Unofficial implementation of MVSNet: Depth Inference for Unstructured Multi-view Stereo using pytorch-lightning

An improved version of MVSNet: CasMVSNet is available!

References & Credits

Official implementation: MVSNet

A pytorch implementation: MVSNet_pytorch. This code is heavily borrowed from his implementation. Thank xy-guo for the effortful contribution! Two main difference w.r.t. his repo:

  1. homo_warping function is rewritten in a more concise and slightly faster way.
  2. Use Inplace-ABN in the model to reduce GPU memory consumption (about 10%).

Installation

Hardware

  • OS: Ubuntu 16.04 or 18.04
  • NVIDIA GPU with CUDA>=10.0 (tested with 1 RTX 2080Ti)

Software

  • Python>=3.6.1 (installation via anaconda is recommended, use conda create -n mvsnet_pl python=3.6 to create a conda environment and activate it by conda activate mvsnet_pl)
  • Python libraries
    • Install core requirements by pip install -r requirements.txt
    • Install Inplace-ABN by pip install git+https://github.com/mapillary/[email protected]

Data download

Download the preprocessed DTU training data from original MVSNet repo and unzip. For the description of how the data is created, please refer to the original paper.

Training

Run

python train.py \
  --root_dir $DTU_DIR \
  --num_epochs 6 --batch_size 1 \
  --n_depths 192 --interval_scale 1.06 \
  --optimizer adam --lr 1e-3 --lr_scheduler cosine

Note that the model consumes huge GPU memory, so the batch size is generally small. For reference, the above command requires 5901MB of GPU memory.
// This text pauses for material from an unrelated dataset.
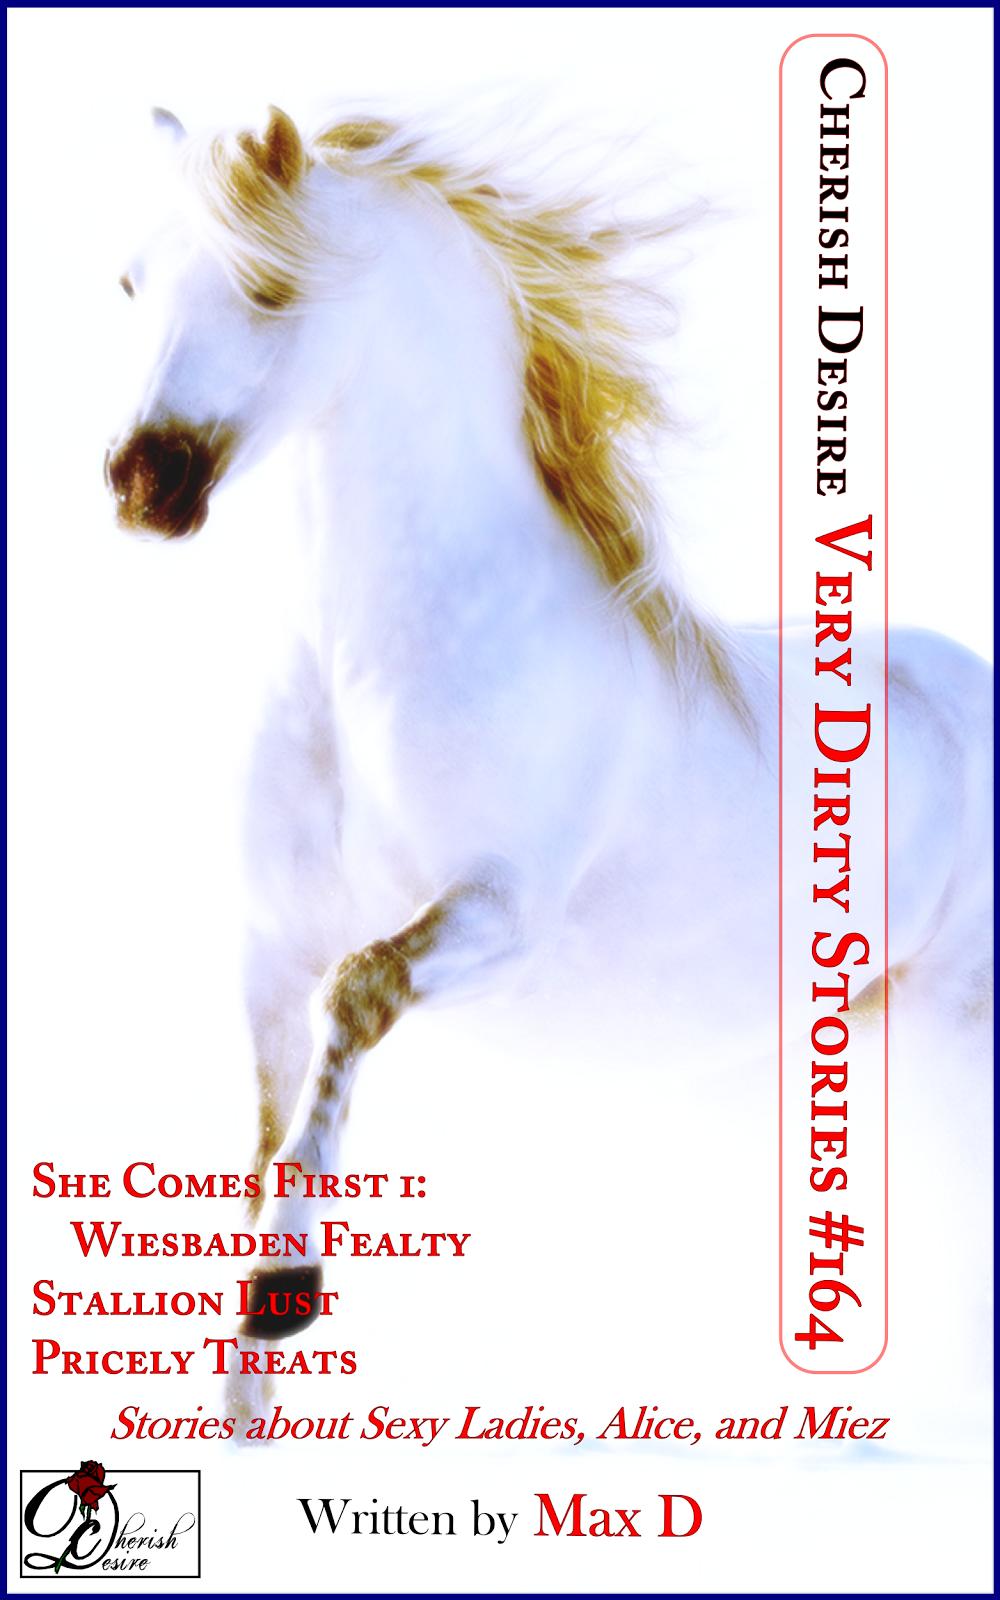 Cherish Desire: Very Dirty Stories #164, Max D, erotica

IMPORTANT : the combination of --n_depths and --interval_scale is important: you need to make sure 2.5 x n_depths x interval_scale is roughly equal to 510. The reason is that the actual depth ranges from 425 to 935mm, which is 510mm wide. Therefore, you need to make sure all the depth can be covered by the depth planes you set. Some common combinations are: --n_depths 256 --interval_scale 0.8, --n_depths 192 --interval_scale 1.06 and --n_depths 128 --interval_scale 1.6.

See opt.py for all configurations.

Example training log

log1 log2 log3

Metrics

The metrics are collected on the DTU val set.

abs_err 1mm acc 2mm acc 4mm acc
Paper 7.25mm* N/A N/A N/A
This repo 6.374mm 54.43% 74.23% 85.8%

*From P-MVSNet Table 2.

Some observations on training

  1. Larger n_depths theoretically gives better results, but requires larger GPU memory, so basically the batch_size can just be 1 or 2. However at the meanwhile, larger batch_size is also indispensable. To get a good balance between n_depths and batch_size, I found that n_depths 128 batch_size 2 performs better than n_depths 192 batch_size 1 given a fixed GPU memory of 11GB. Of course to get even better results, you'll definitely want to scale up the batch_size by using more GPUs, and that is easy under pytorch-lightning's framework!
  2. Longer training epochs produces better results. The pretrained model I provide is trained for 16 epochs, and it performs better than the model trained for only 6 epochs as the paper did.
  3. Image color augmentation worsen the result, and normalization seems to have little to no effect. However, BlendedMVS claims otherwise, they obtain better results using augmentation.

Testing

  1. Download pretrained model from release.
  2. Use test.ipynb for a simple depth inference for an image.

The repo is only for training purpose for now. Please refer to the other repositories mentioned at the beginning if you want to evaluate the model.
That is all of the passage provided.